ABOUT THIS EXERCISE » Copy out the full listing exactly, omitting any picture it contains.

MATERIAL PROVIDED »
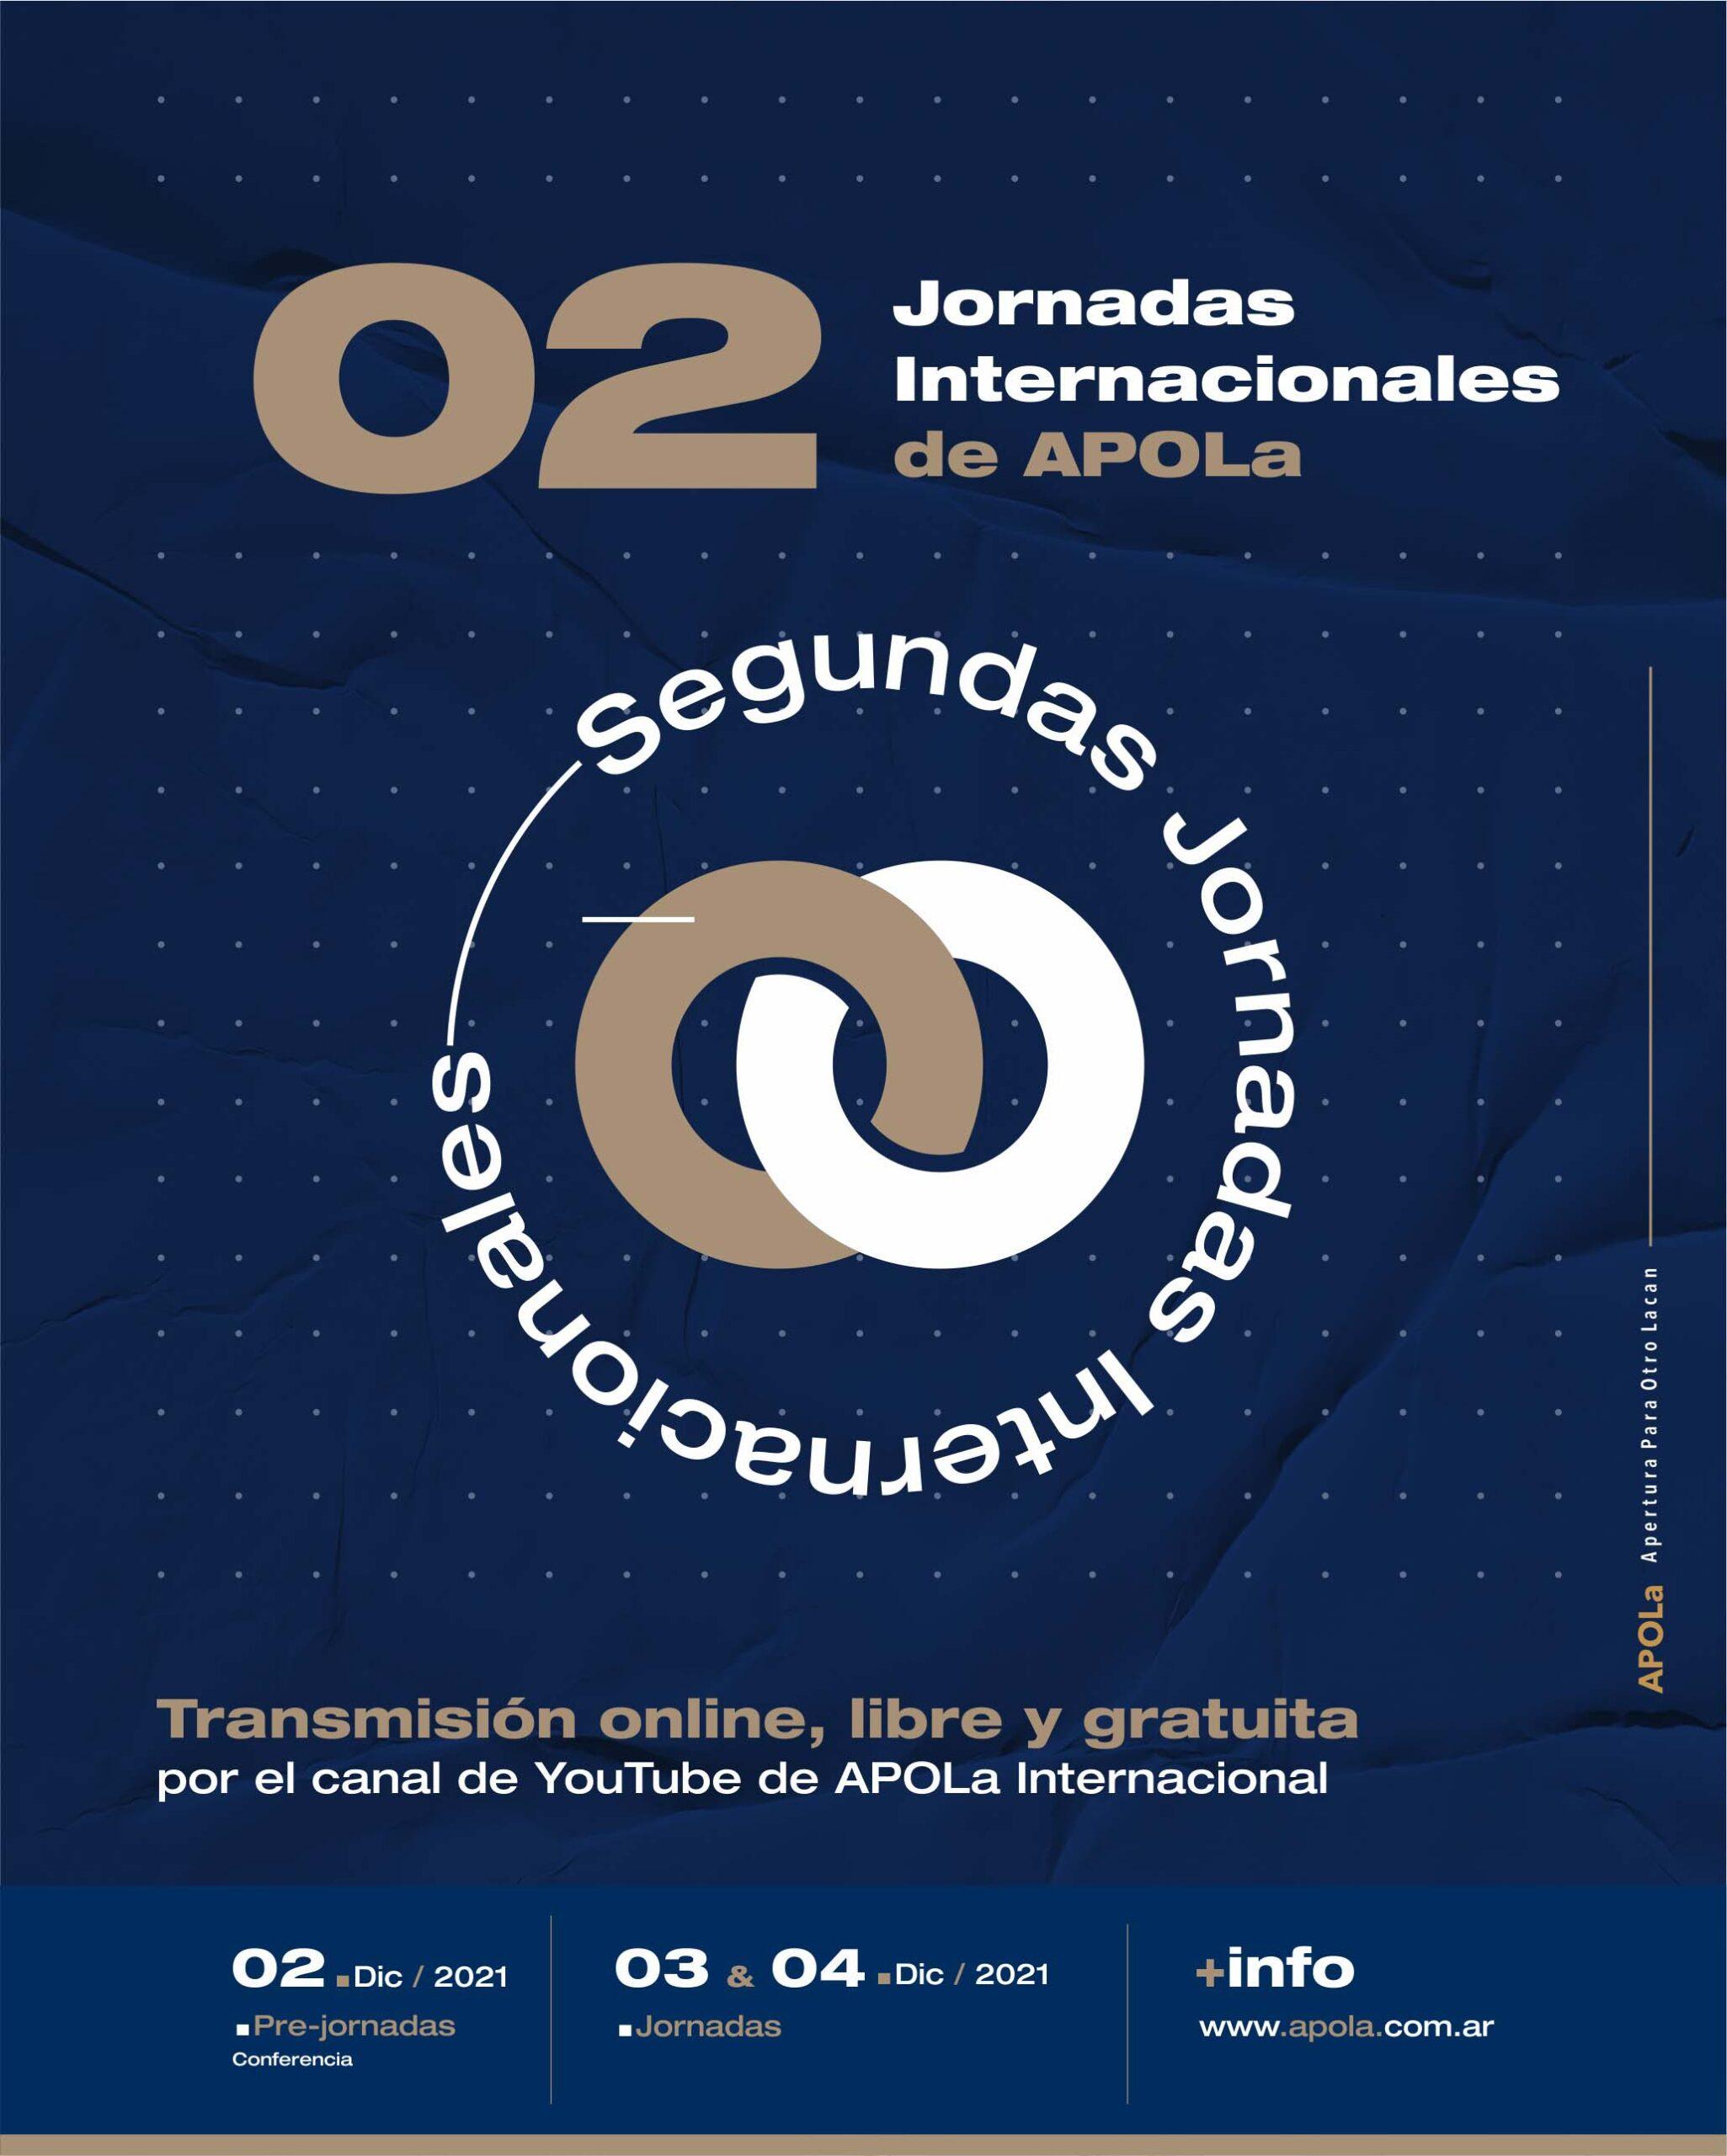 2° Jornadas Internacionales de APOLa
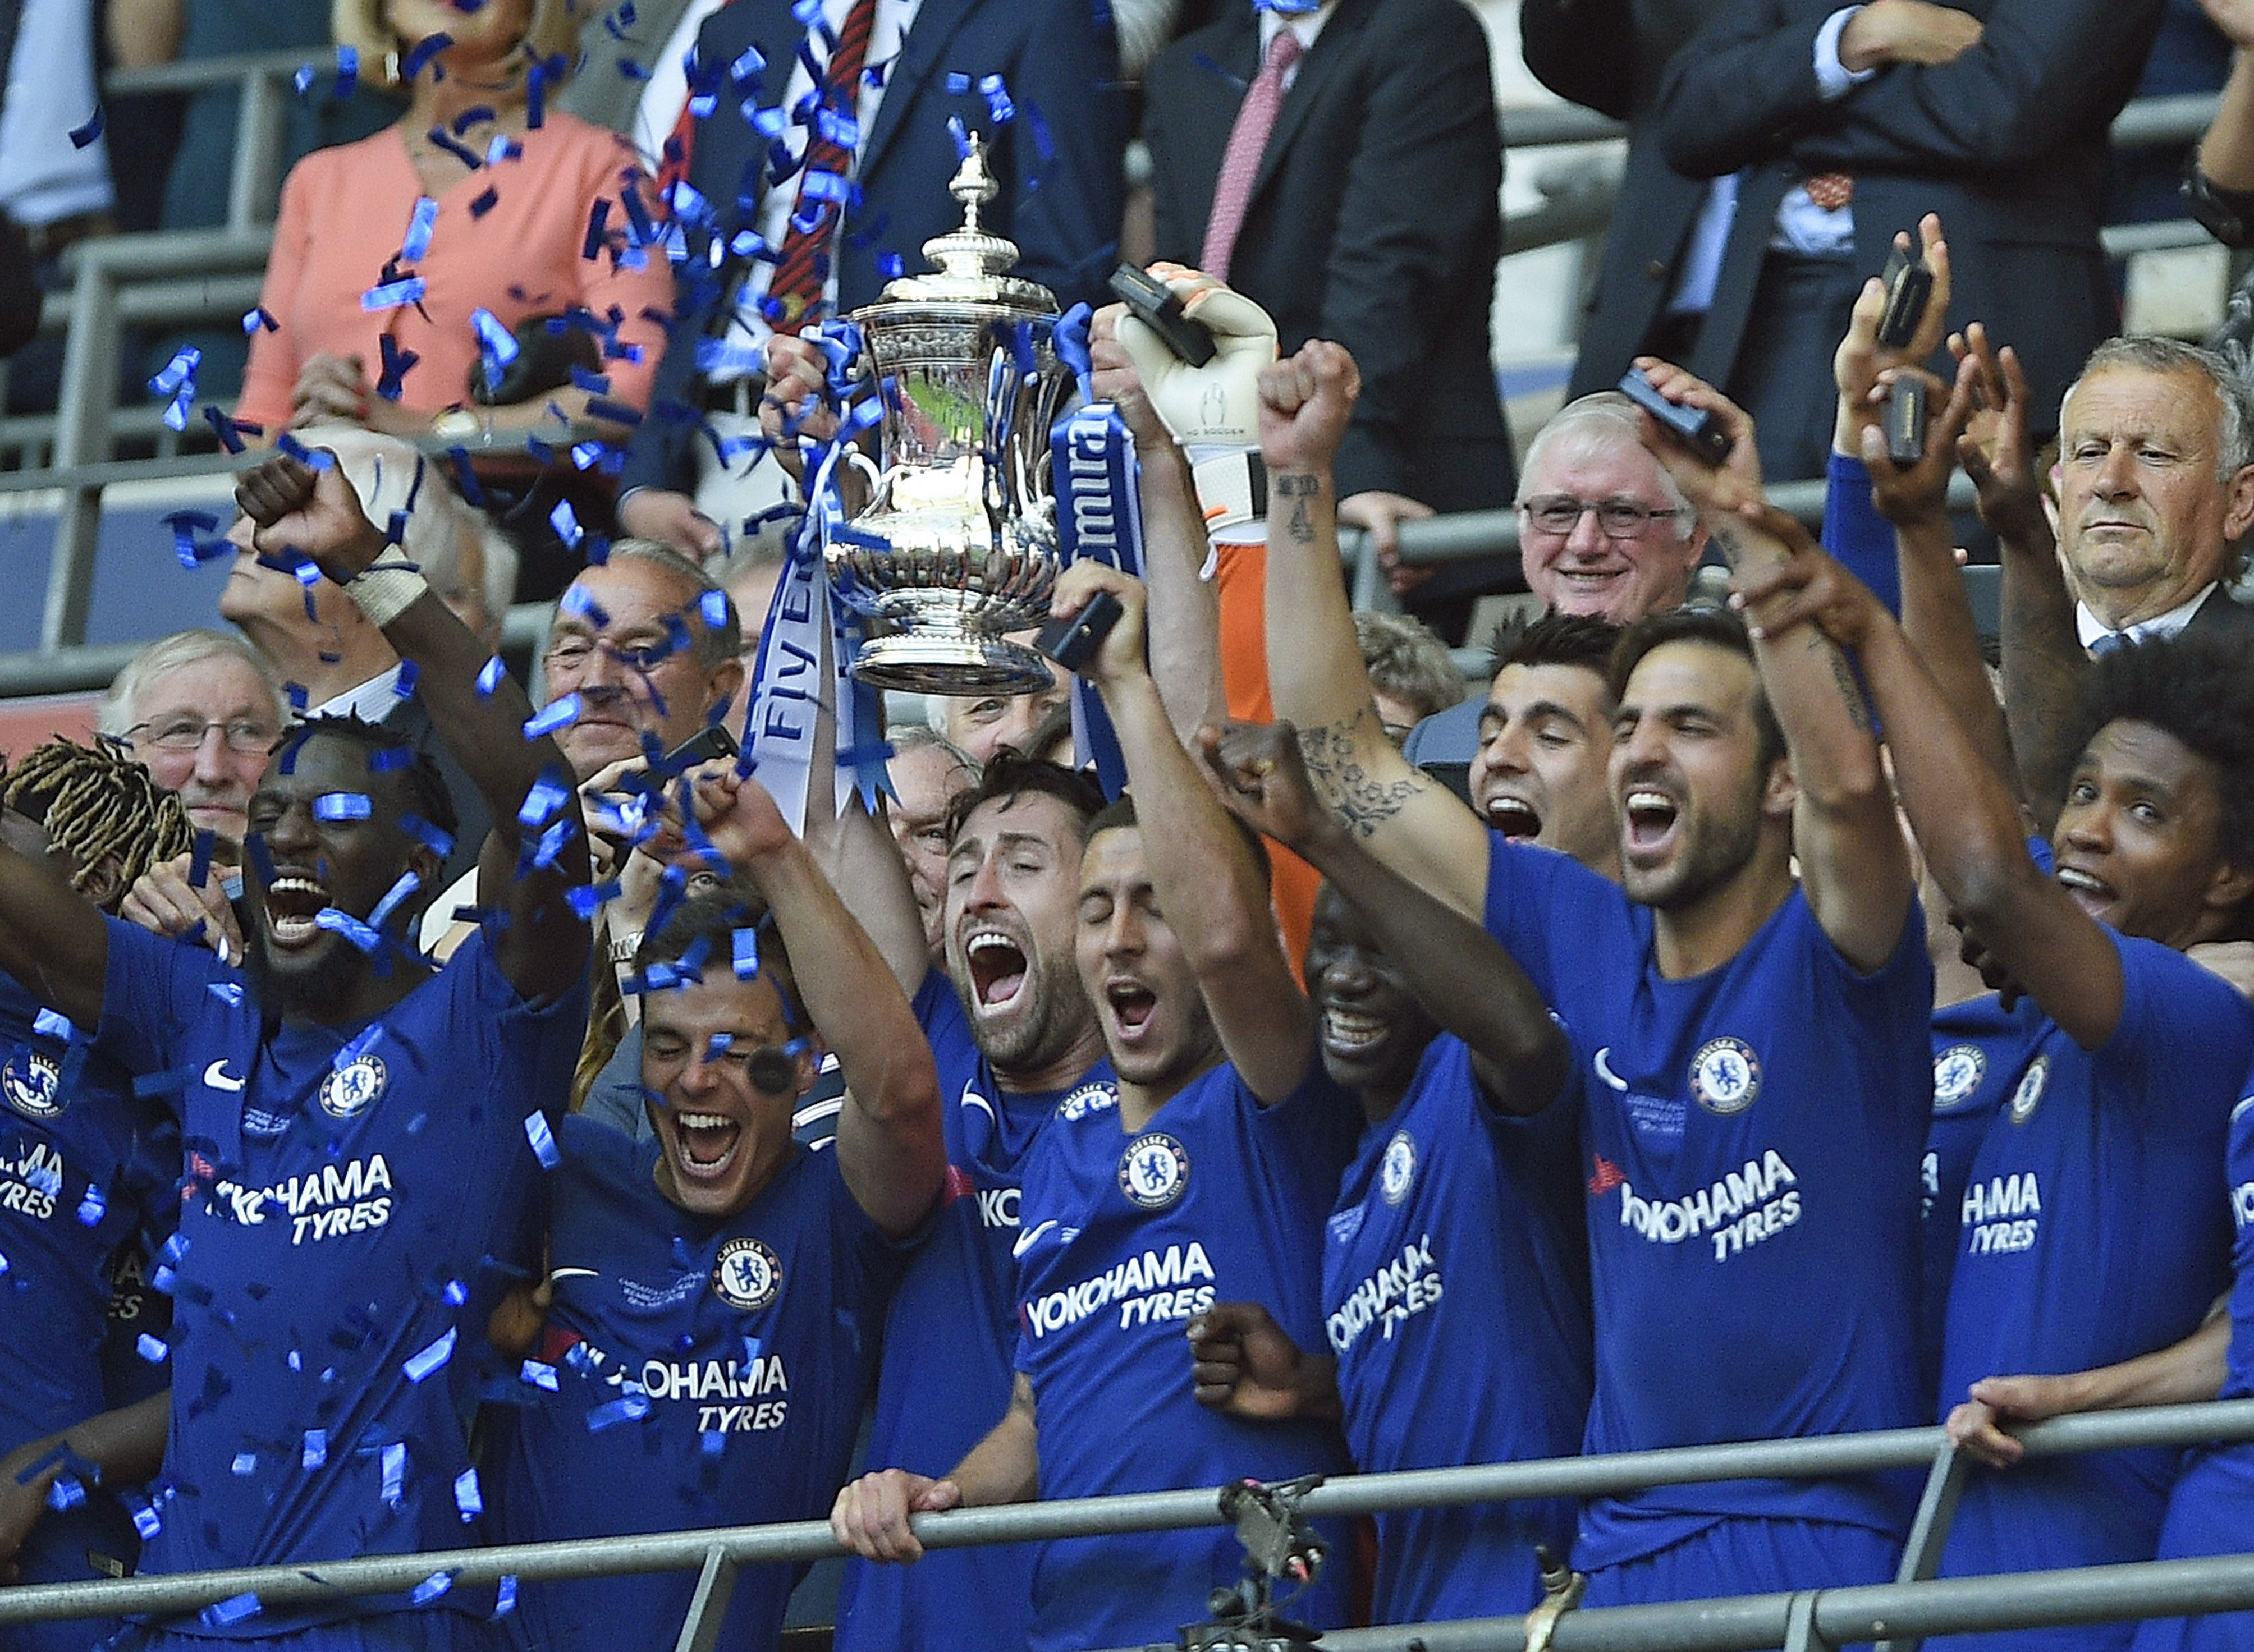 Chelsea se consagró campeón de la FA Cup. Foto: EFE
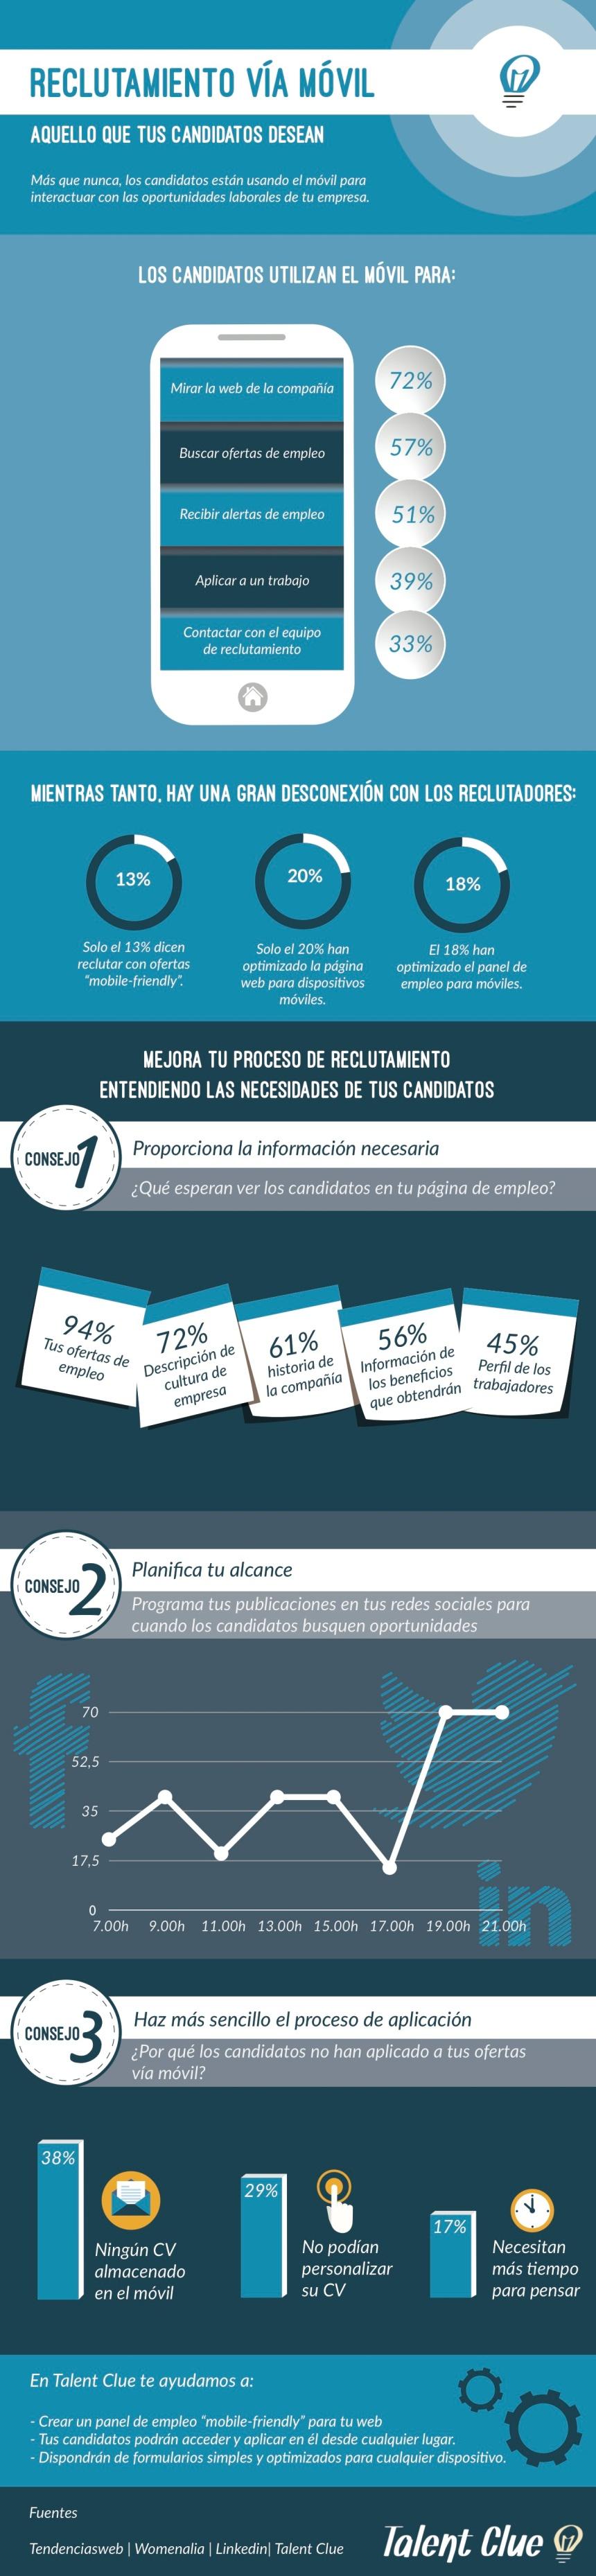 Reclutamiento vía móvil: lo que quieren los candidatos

COMPLETED EXERCISE »
 2° Jornadas Internacionales de APOLa
 Chelsea se consagró campeón de la FA Cup. Foto: EFE
 Reclutamiento vía móvil: lo que quieren los candidatos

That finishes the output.